[[ SOURCE DATA open ]]
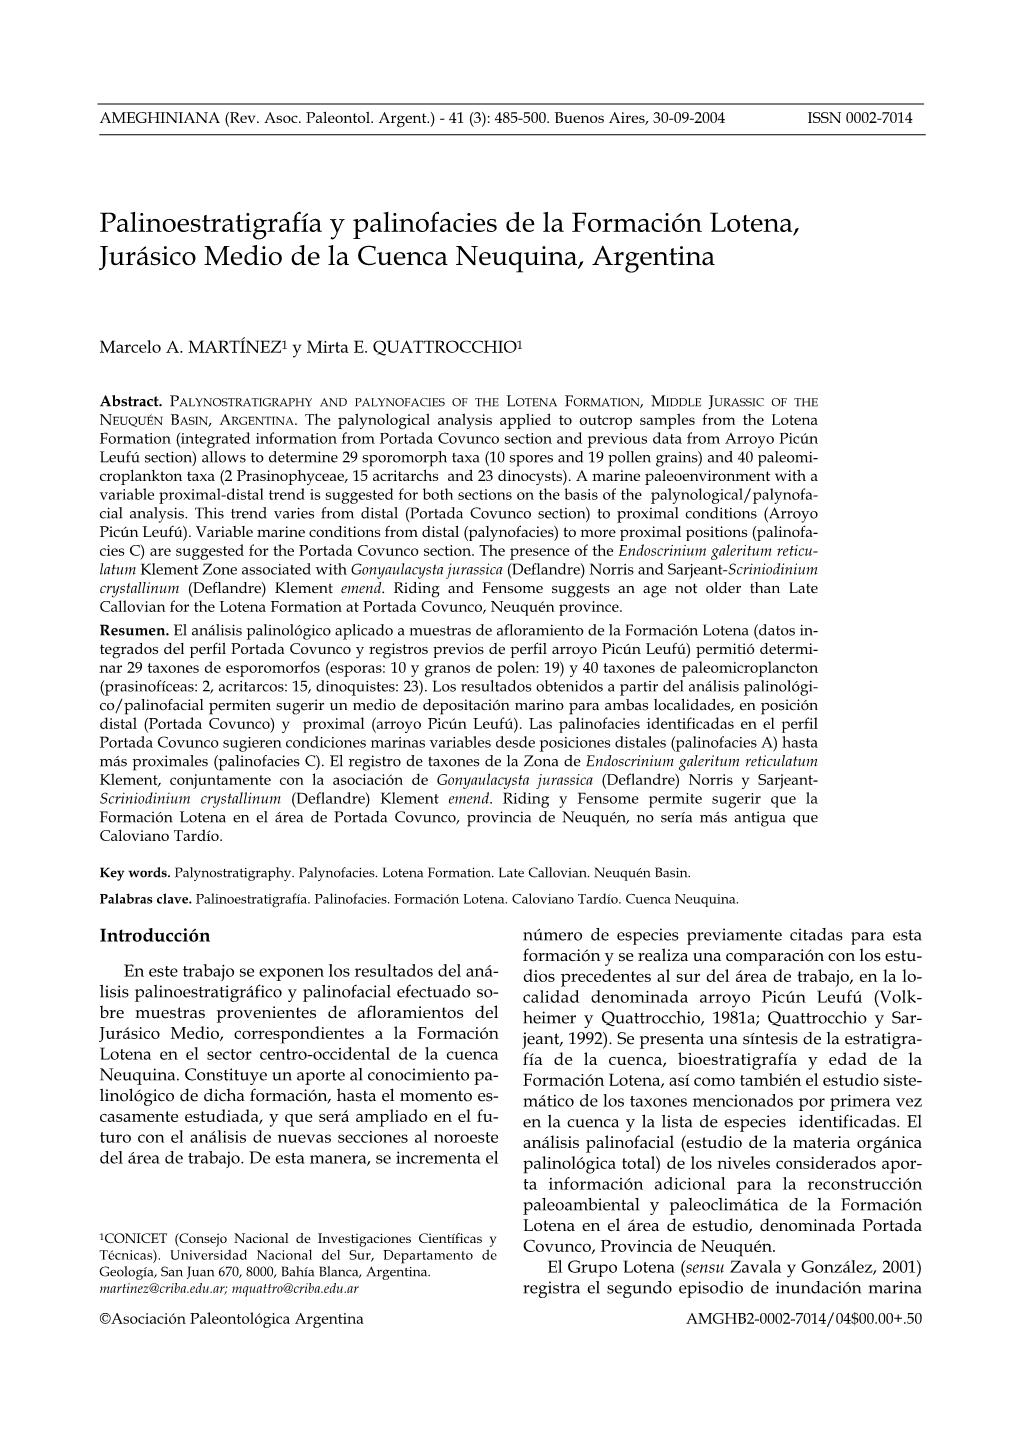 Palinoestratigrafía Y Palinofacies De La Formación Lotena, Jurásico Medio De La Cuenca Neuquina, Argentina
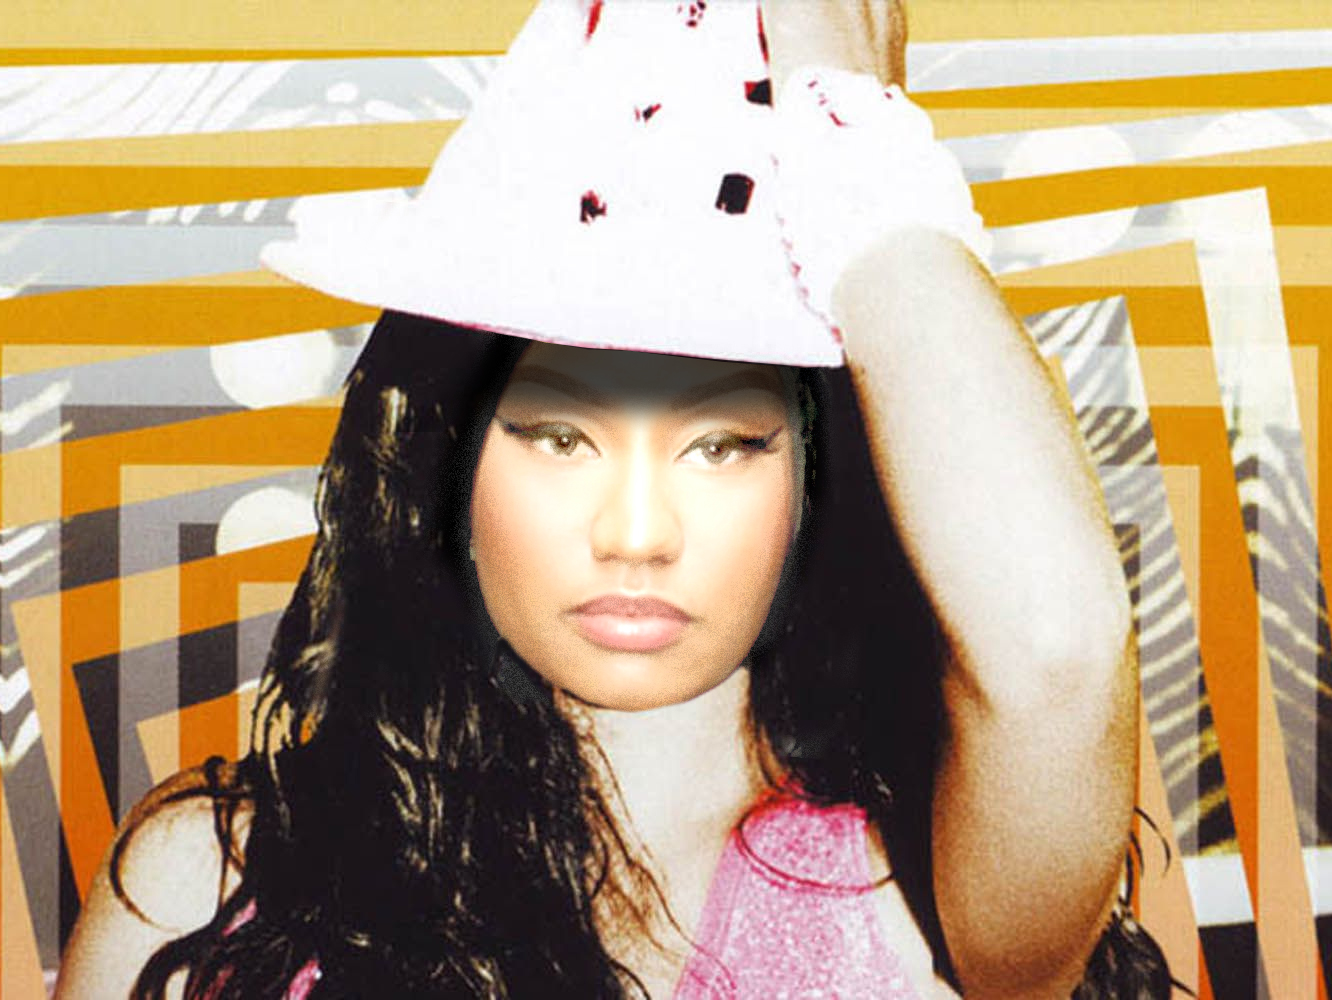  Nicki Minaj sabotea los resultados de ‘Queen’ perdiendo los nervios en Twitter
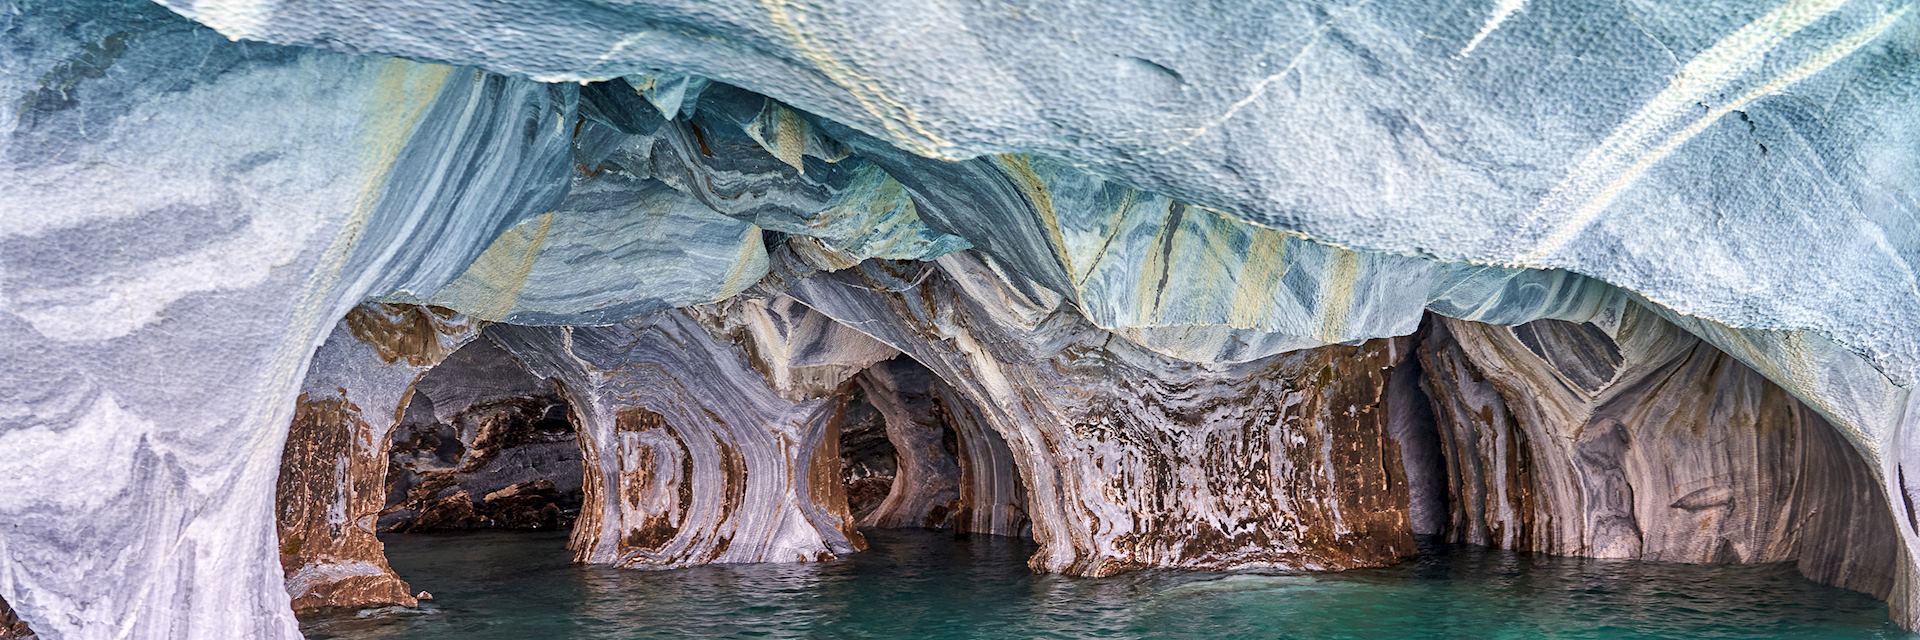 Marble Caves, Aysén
[[ SOURCE DATA closed ]]
• **TASK BRIEF**: Reproduce the material in full, word for word, and omit the pictures.

• **SOLUTION**:
 Palinoestratigrafía Y Palinofacies De La Formación Lotena, Jurásico Medio De La Cuenca Neuquina, Argentina
  Nicki Minaj sabotea los resultados de ‘Queen’ perdiendo los nervios en Twitter
 Marble Caves, Aysén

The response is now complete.